======== Information shown ========
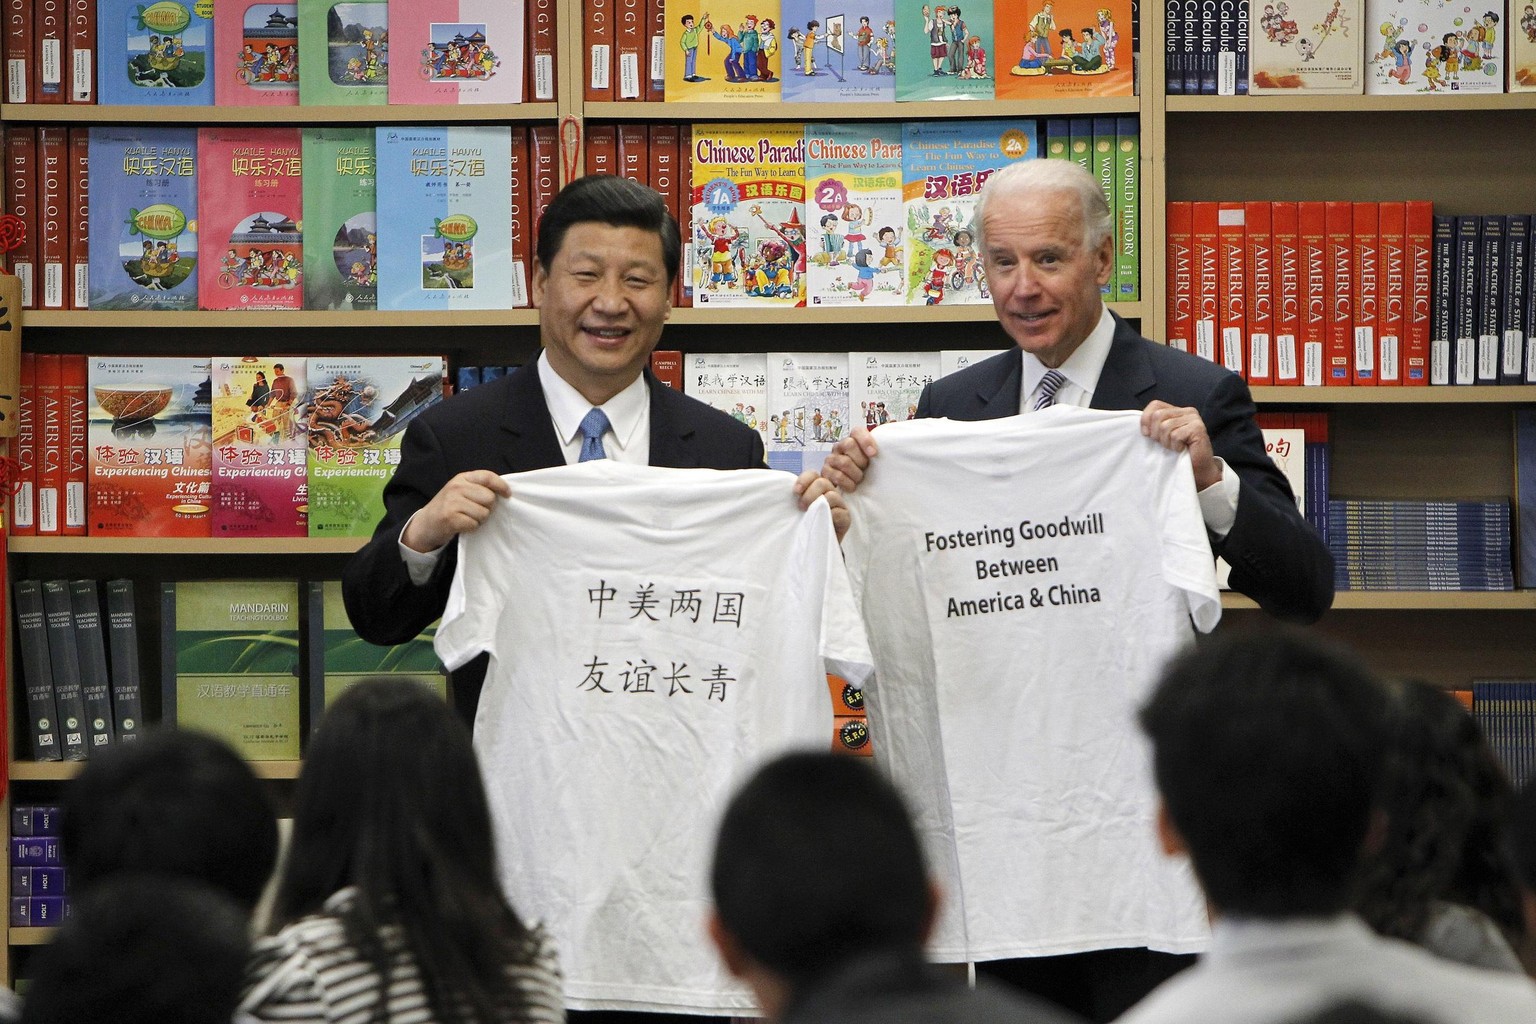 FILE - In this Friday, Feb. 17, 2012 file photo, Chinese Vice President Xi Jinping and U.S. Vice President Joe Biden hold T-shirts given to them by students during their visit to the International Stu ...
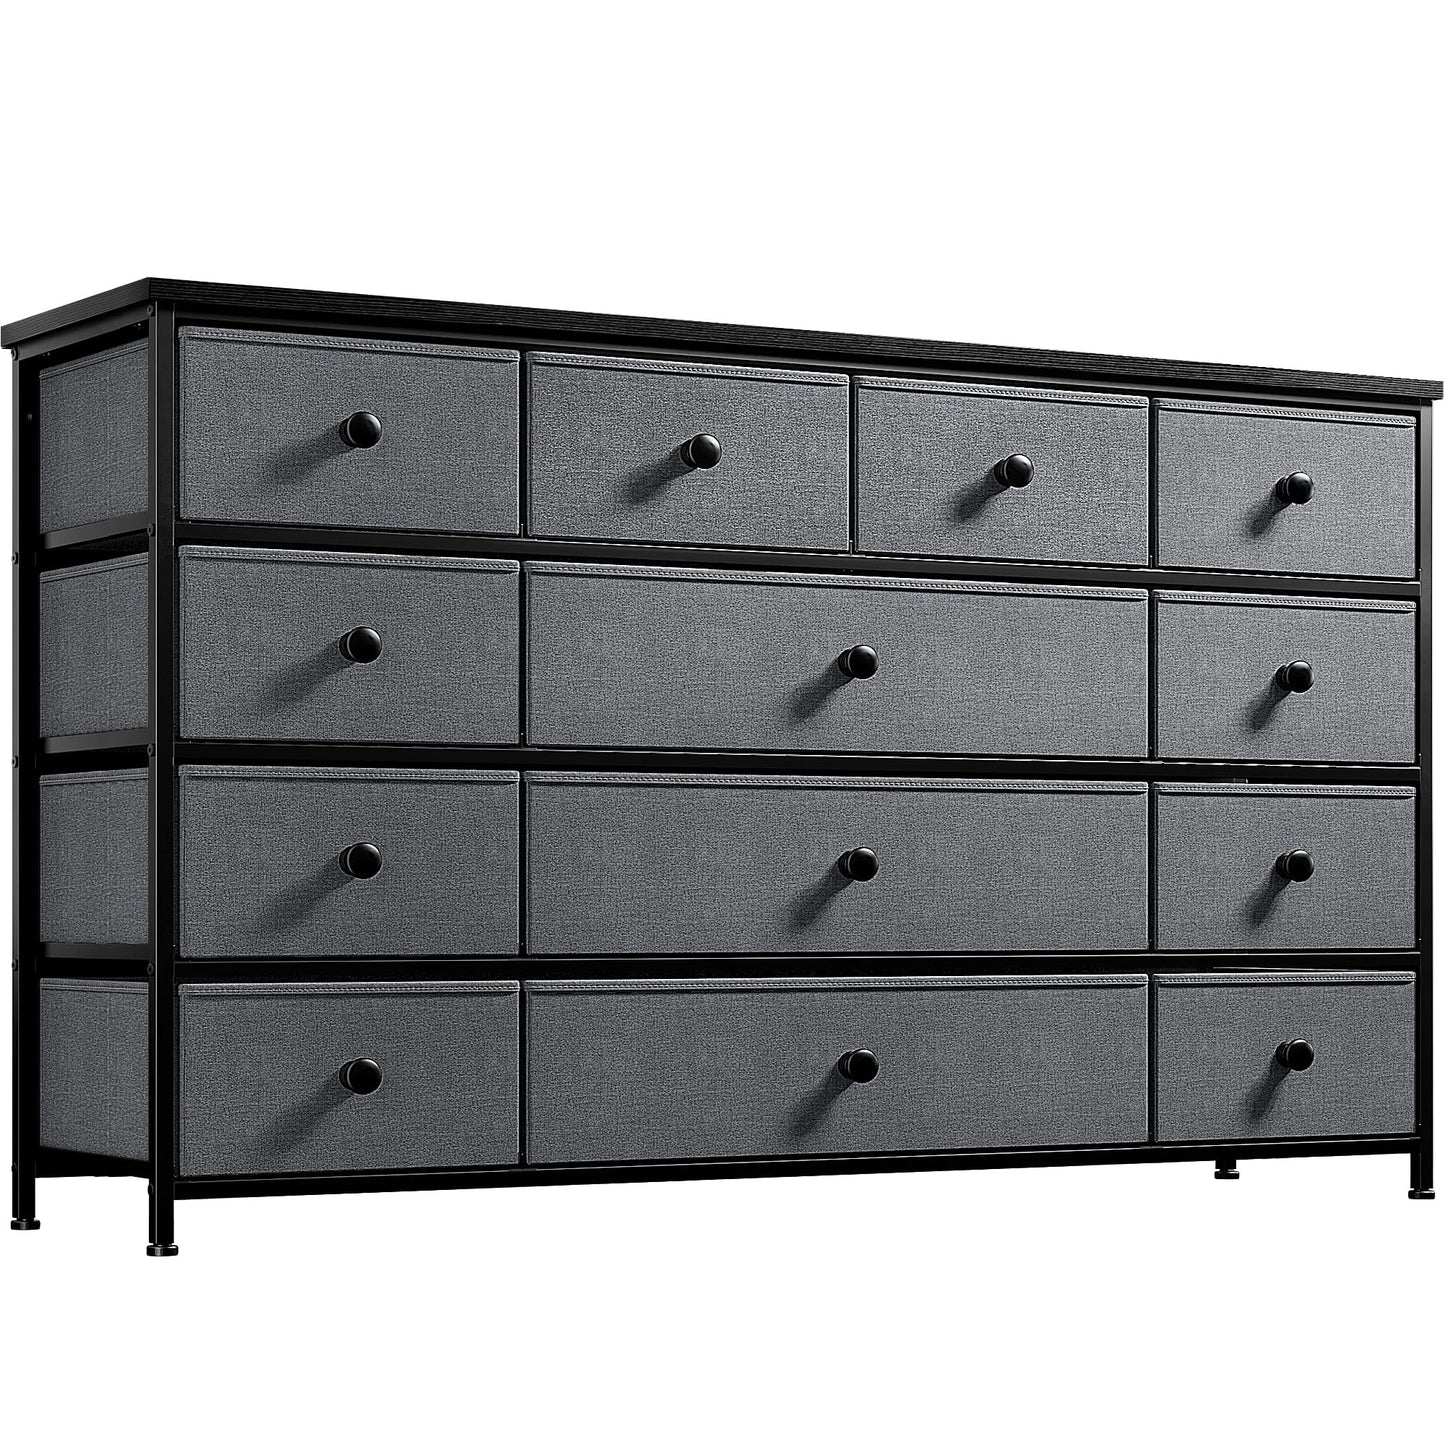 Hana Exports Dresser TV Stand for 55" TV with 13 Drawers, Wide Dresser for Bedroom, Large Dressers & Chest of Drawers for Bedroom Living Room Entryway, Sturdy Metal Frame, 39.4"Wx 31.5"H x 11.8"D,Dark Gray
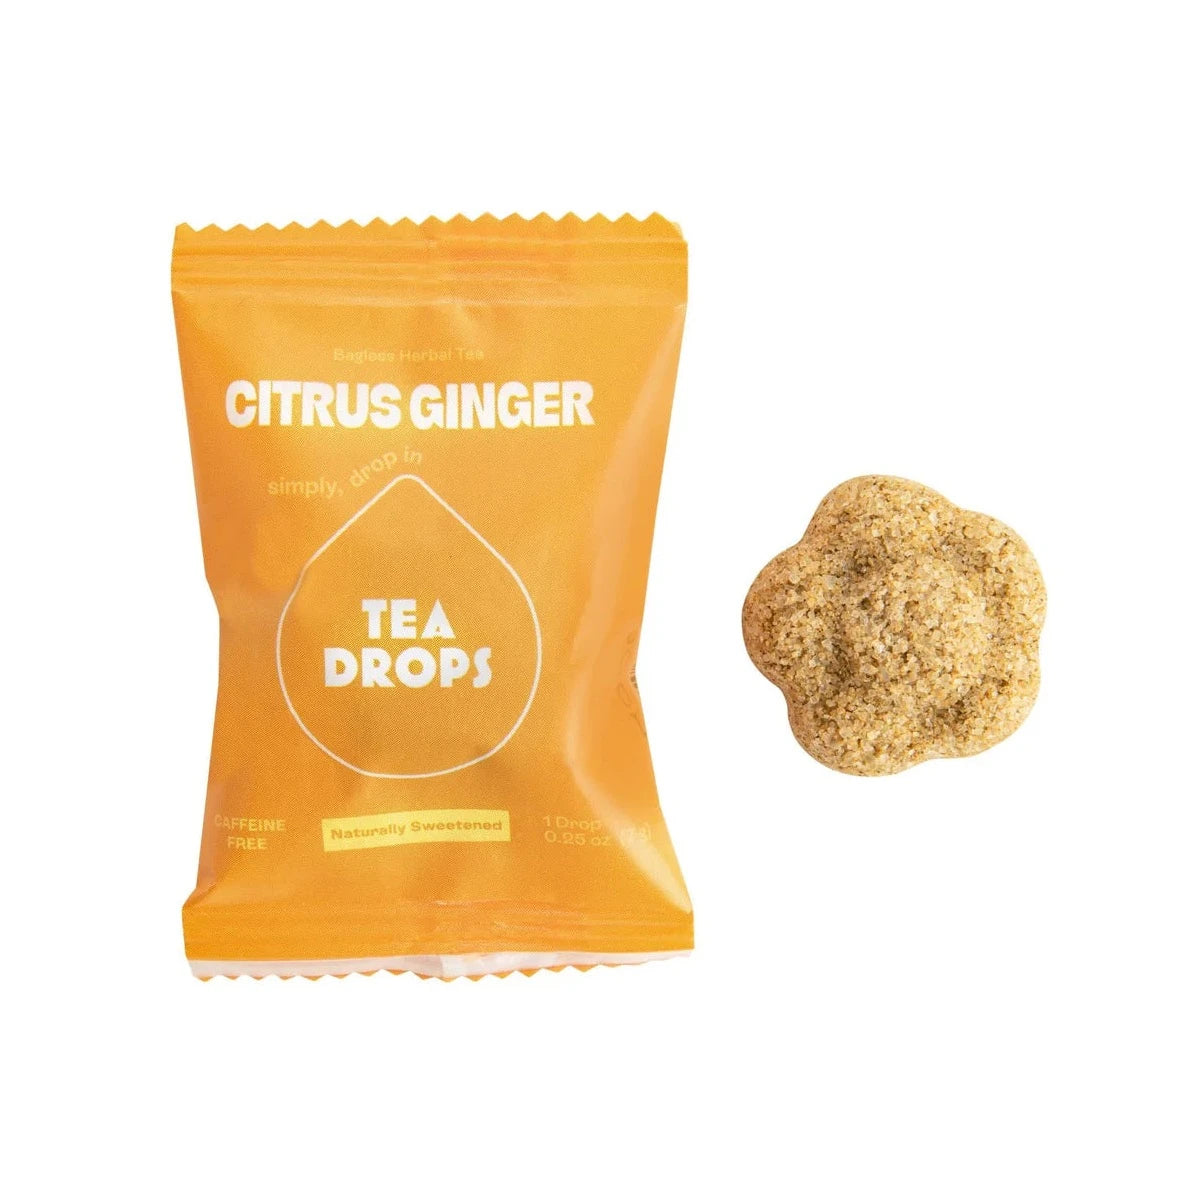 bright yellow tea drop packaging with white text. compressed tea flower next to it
========
(What the task requires)
A faithful copy of all the data above is required, printed exactly and with no pictures.

(Task answer)
 FILE - In this Friday, Feb. 17, 2012 file photo, Chinese Vice President Xi Jinping and U.S. Vice President Joe Biden hold T-shirts given to them by students during their visit to the International Stu ...
 Hana Exports Dresser TV Stand for 55" TV with 13 Drawers, Wide Dresser for Bedroom, Large Dressers & Chest of Drawers for Bedroom Living Room Entryway, Sturdy Metal Frame, 39.4"Wx 31.5"H x 11.8"D,Dark Gray
 bright yellow tea drop packaging with white text. compressed tea flower next to it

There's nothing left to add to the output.